* Task to complete
Exact repetition of the data is the whole task.

* Data to process
──────────────────────────────

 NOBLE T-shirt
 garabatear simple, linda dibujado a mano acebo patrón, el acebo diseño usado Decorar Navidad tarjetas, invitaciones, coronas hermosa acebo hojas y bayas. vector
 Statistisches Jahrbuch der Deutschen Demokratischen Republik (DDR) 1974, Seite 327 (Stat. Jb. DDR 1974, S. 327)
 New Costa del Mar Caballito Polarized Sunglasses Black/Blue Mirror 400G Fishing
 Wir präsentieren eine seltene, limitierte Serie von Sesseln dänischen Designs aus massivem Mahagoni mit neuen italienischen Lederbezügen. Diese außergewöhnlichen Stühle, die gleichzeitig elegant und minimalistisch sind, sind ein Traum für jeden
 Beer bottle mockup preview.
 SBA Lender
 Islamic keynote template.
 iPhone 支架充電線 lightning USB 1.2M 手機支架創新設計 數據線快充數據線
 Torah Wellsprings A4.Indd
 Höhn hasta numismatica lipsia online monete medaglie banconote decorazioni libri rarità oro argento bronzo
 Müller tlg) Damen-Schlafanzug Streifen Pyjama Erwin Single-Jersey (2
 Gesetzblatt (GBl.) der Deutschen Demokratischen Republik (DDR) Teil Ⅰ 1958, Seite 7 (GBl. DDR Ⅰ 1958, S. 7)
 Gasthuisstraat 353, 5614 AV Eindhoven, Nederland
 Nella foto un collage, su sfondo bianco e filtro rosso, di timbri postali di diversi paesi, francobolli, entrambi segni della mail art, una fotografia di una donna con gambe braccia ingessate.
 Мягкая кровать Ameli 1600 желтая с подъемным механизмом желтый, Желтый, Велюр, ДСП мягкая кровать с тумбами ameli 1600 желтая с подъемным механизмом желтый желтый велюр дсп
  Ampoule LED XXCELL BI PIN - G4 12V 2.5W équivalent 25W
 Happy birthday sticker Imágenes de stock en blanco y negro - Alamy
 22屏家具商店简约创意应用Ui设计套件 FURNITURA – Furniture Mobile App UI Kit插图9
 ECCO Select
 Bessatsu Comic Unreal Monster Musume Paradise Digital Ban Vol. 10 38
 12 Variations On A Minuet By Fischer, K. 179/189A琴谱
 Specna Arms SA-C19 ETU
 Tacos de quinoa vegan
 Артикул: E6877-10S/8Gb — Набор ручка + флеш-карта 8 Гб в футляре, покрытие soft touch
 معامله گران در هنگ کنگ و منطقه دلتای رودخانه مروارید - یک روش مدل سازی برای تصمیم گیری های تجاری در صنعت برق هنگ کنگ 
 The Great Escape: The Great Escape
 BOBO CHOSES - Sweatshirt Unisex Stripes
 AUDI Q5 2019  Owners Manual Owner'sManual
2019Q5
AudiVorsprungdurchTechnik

──────────────────────────────

* Exercise response
 NOBLE T-shirt
 garabatear simple, linda dibujado a mano acebo patrón, el acebo diseño usado Decorar Navidad tarjetas, invitaciones, coronas hermosa acebo hojas y bayas. vector
 Statistisches Jahrbuch der Deutschen Demokratischen Republik (DDR) 1974, Seite 327 (Stat. Jb. DDR 1974, S. 327)
 New Costa del Mar Caballito Polarized Sunglasses Black/Blue Mirror 400G Fishing
 Wir präsentieren eine seltene, limitierte Serie von Sesseln dänischen Designs aus massivem Mahagoni mit neuen italienischen Lederbezügen. Diese außergewöhnlichen Stühle, die gleichzeitig elegant und minimalistisch sind, sind ein Traum für jeden
 Beer bottle mockup preview.
 SBA Lender
 Islamic keynote template.
 iPhone 支架充電線 lightning USB 1.2M 手機支架創新設計 數據線快充數據線
 Torah Wellsprings A4.Indd
 Höhn hasta numismatica lipsia online monete medaglie banconote decorazioni libri rarità oro argento bronzo
 Müller tlg) Damen-Schlafanzug Streifen Pyjama Erwin Single-Jersey (2
 Gesetzblatt (GBl.) der Deutschen Demokratischen Republik (DDR) Teil Ⅰ 1958, Seite 7 (GBl. DDR Ⅰ 1958, S. 7)
 Gasthuisstraat 353, 5614 AV Eindhoven, Nederland
 Nella foto un collage, su sfondo bianco e filtro rosso, di timbri postali di diversi paesi, francobolli, entrambi segni della mail art, una fotografia di una donna con gambe braccia ingessate.
 Мягкая кровать Ameli 1600 желтая с подъемным механизмом желтый, Желтый, Велюр, ДСП мягкая кровать с тумбами ameli 1600 желтая с подъемным механизмом желтый желтый велюр дсп
  Ampoule LED XXCELL BI PIN - G4 12V 2.5W équivalent 25W
 Happy birthday sticker Imágenes de stock en blanco y negro - Alamy
 22屏家具商店简约创意应用Ui设计套件 FURNITURA – Furniture Mobile App UI Kit插图9
 ECCO Select
 Bessatsu Comic Unreal Monster Musume Paradise Digital Ban Vol. 10 38
 12 Variations On A Minuet By Fischer, K. 179/189A琴谱
 Specna Arms SA-C19 ETU
 Tacos de quinoa vegan
 Артикул: E6877-10S/8Gb — Набор ручка + флеш-карта 8 Гб в футляре, покрытие soft touch
 معامله گران در هنگ کنگ و منطقه دلتای رودخانه مروارید - یک روش مدل سازی برای تصمیم گیری های تجاری در صنعت برق هنگ کنگ 
 The Great Escape: The Great Escape
 BOBO CHOSES - Sweatshirt Unisex Stripes
 AUDI Q5 2019  Owners Manual Owner'sManual
2019Q5
AudiVorsprungdurchTechnik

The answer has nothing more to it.